Once you’ve received the funds, you will need to begin repaying your loan on the agreed-upon terms. Your monthly payments will remain the same for the life of the loan and can be made directly through Prosper.
Where to find Prosper alternatives
Prosper Personal Loans can be a great choice, both for borrowers with good credit and for borrowers who need a little more leeway in credit score requirements.
However, the origination fee is a big upfront cost that reduces the amount of funding you get, so be sure to comparison shop, and other lenders offer better rates for those with great credit.

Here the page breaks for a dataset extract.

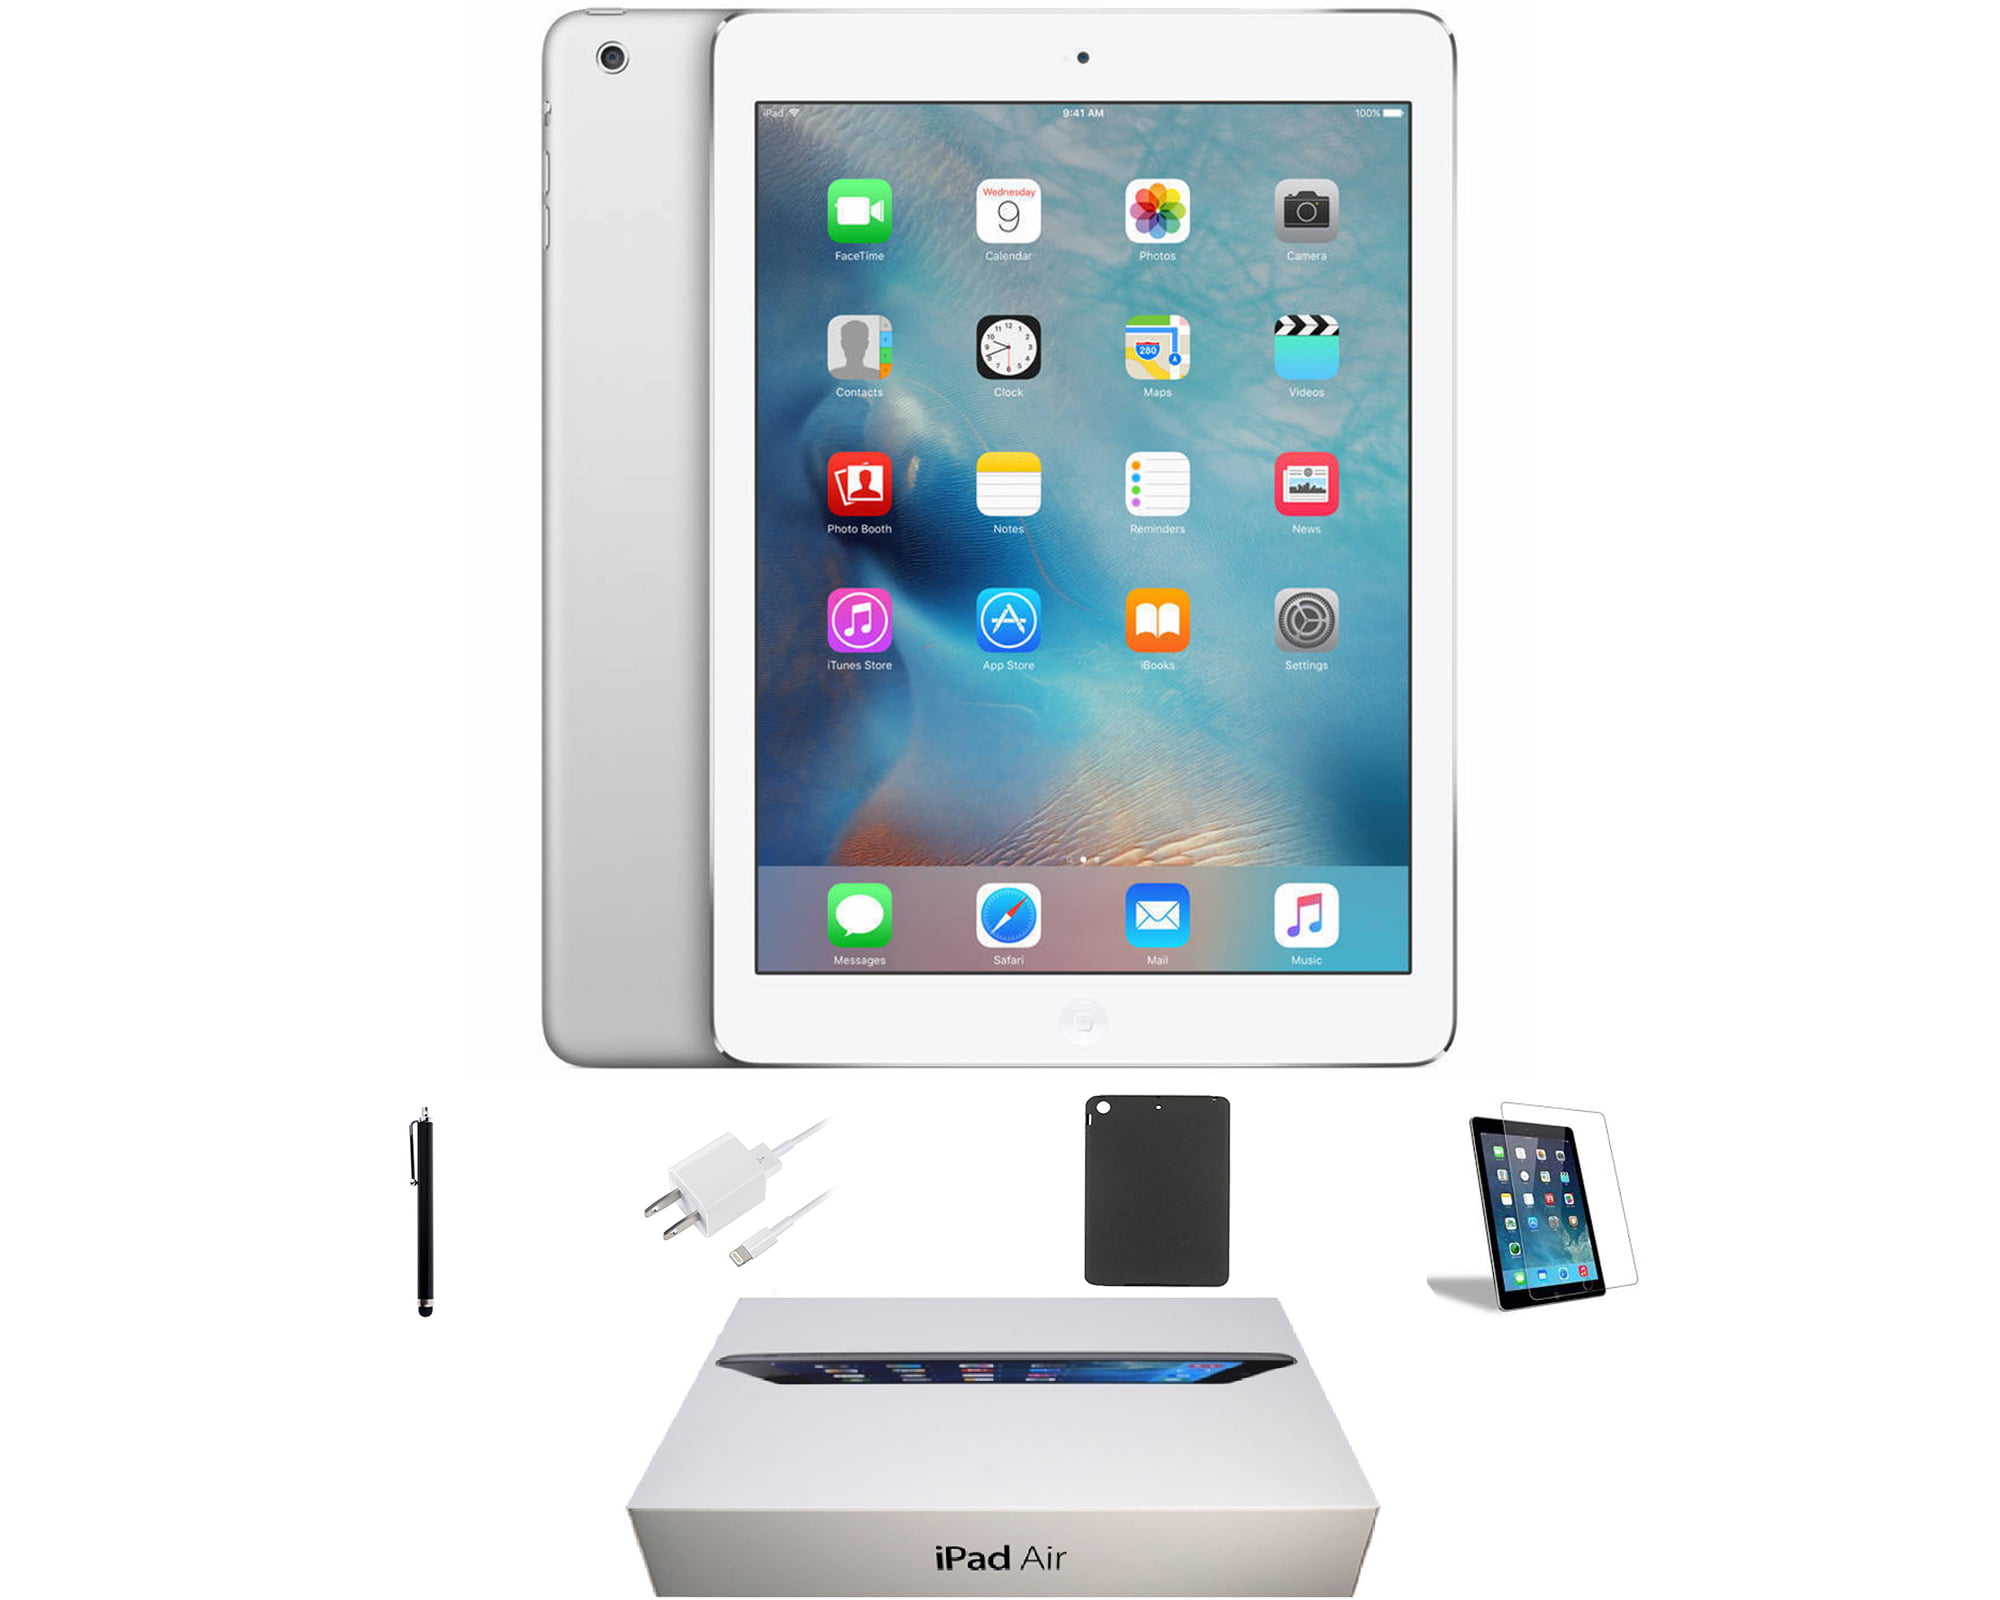 Apple iPad (10.2-inch, Wi-Fi, 32GB) - Space Gray (Latest Model 
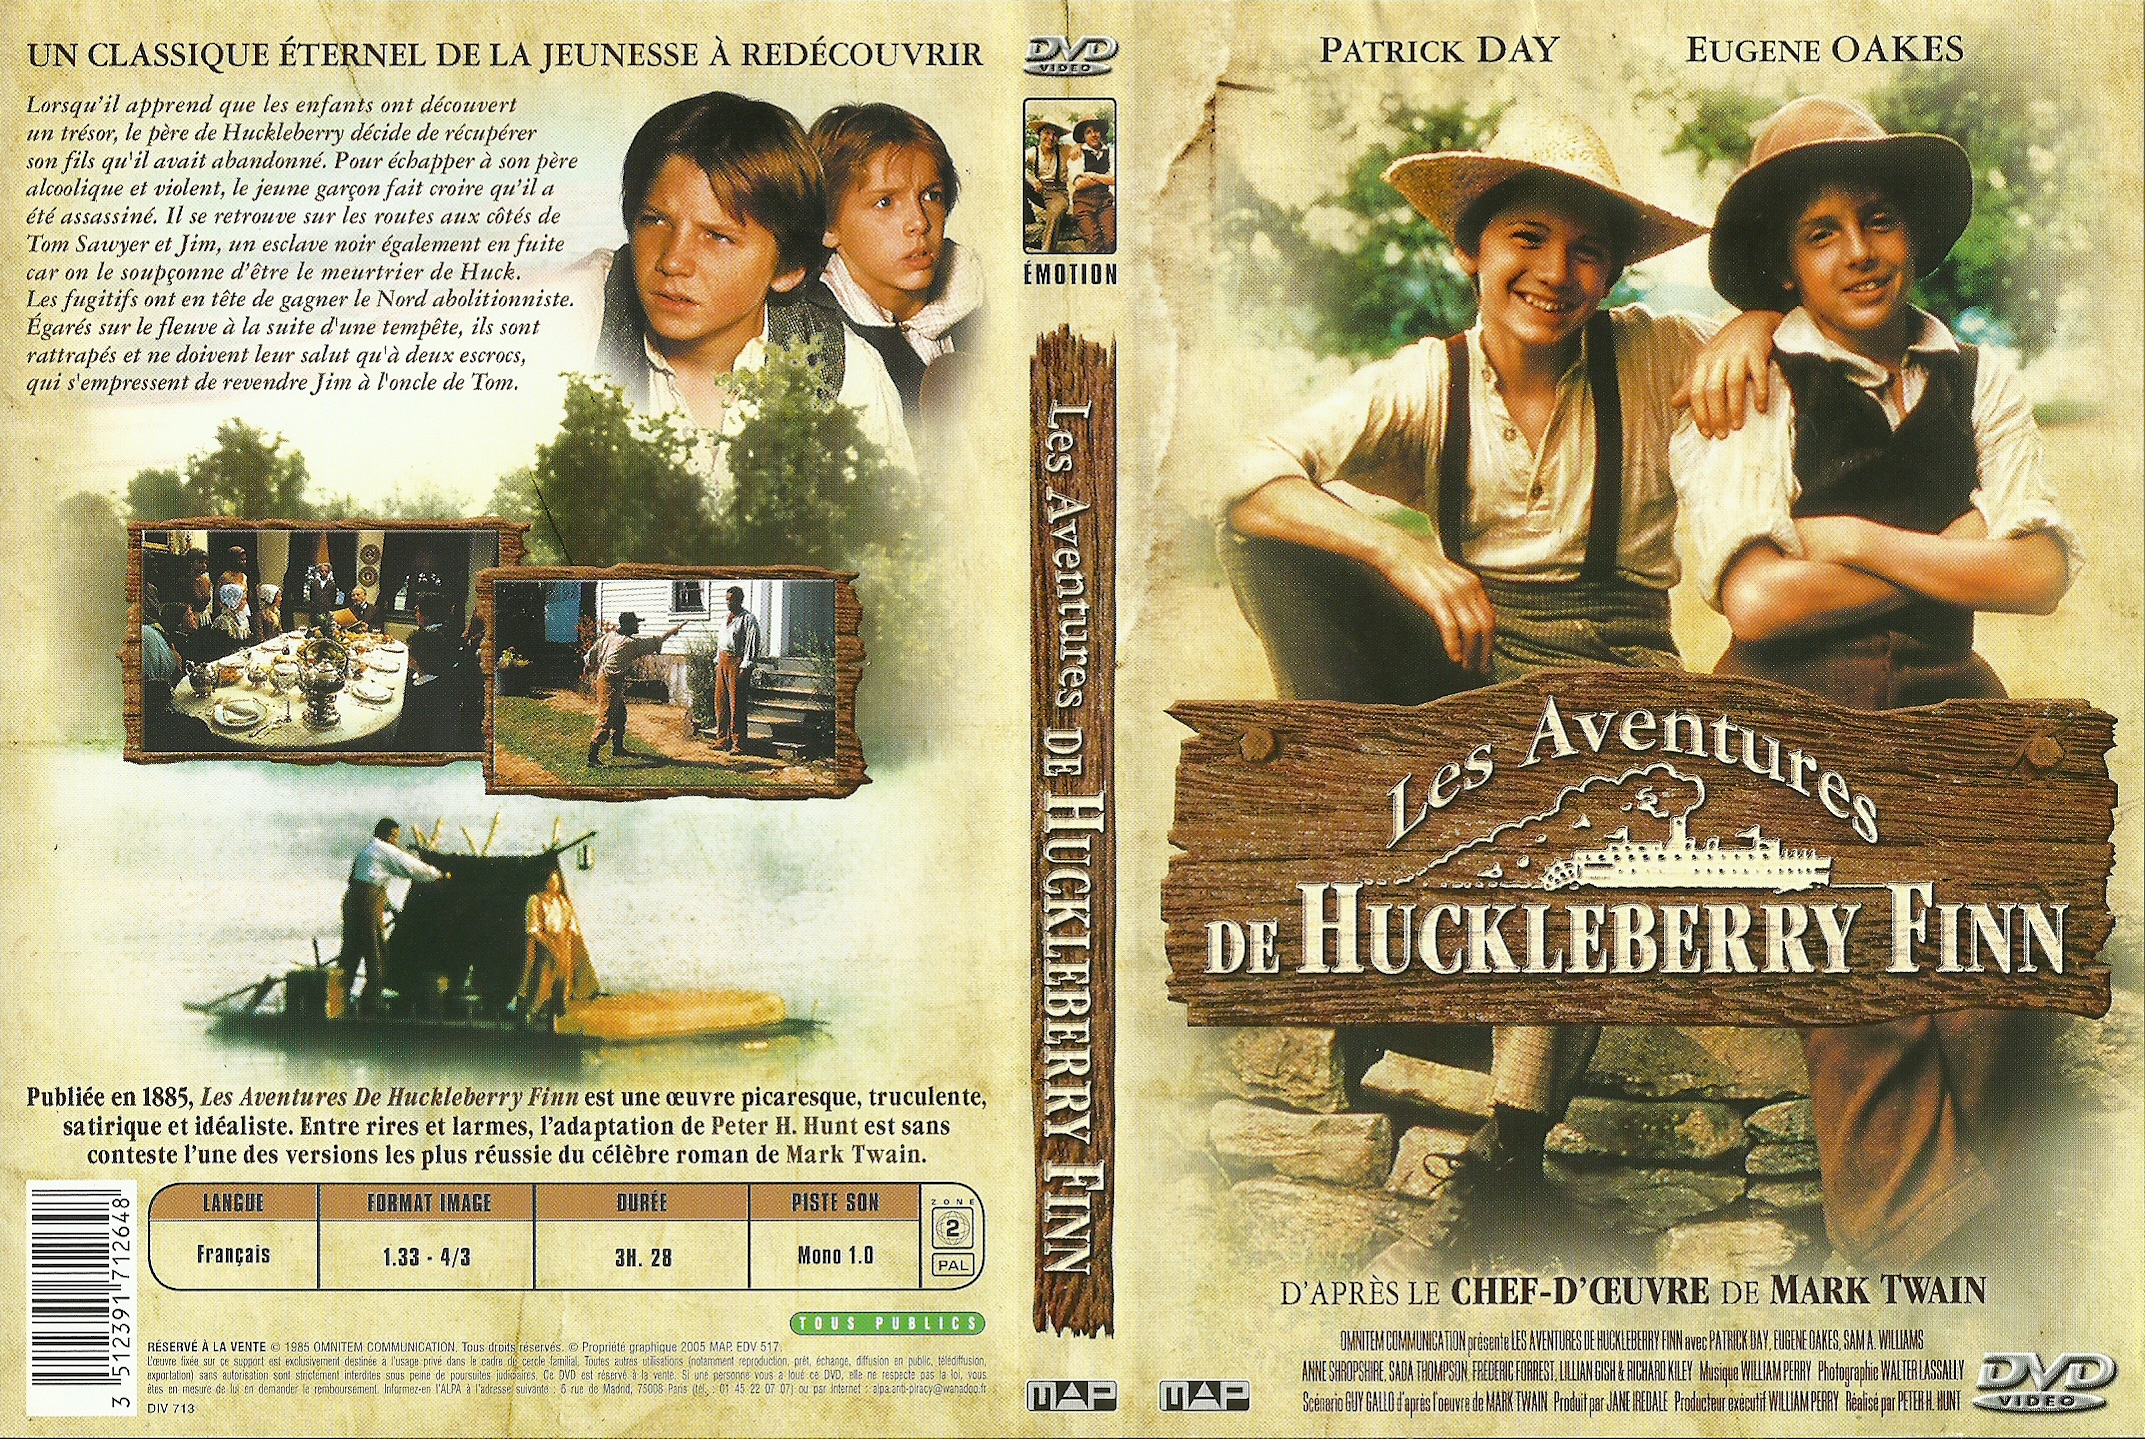 Jaquette DVD Les aventures de Huckleberry Finn (1985)

So, we recommend comparing quotes from several of the best personal loans before committing to one. This ensures you find the most affordable option for you after factoring in both rates and upfront costs. You might also be interested in our comparisons of LendingClub vs. Prosper personal loans and SoFi vs. Prosper personal loans, or, you can check out our guide to Prosper alternatives.
* For example, a three-year $10,000 loan with a Prosper Rating of AA would have an interest rate of 5.31% and a 2.41% origination fee for an annual percentage rate (APR) of 6.95% APR. You would receive $9,759 and make 36 scheduled monthly payments of $301.10. A five-year $10,000 loan with a Prosper Rating of A would have an interest rate of 8.39% and a 5.00% origination fee with a 10.59% APR. You would receive $9,500 and make 60 scheduled monthly payments of $204.64. Origination fees vary between 2.41%-5%. APRs through Prosper range from 6.95% (AA) to 35.99% (HR) for first-time borrowers, with the lowest rates for the most creditworthy borrowers. Eligibility for loans up to $40,000 depends on the information provided by the applicant in the application form. Eligibility is not guaranteed, and requires that a sufficient number of investors commit funds to your account and that you meet credit and other conditions. Refer to Borrower Registration Agreement for details and all terms and conditions. All loans made by WebBank, member FDIC.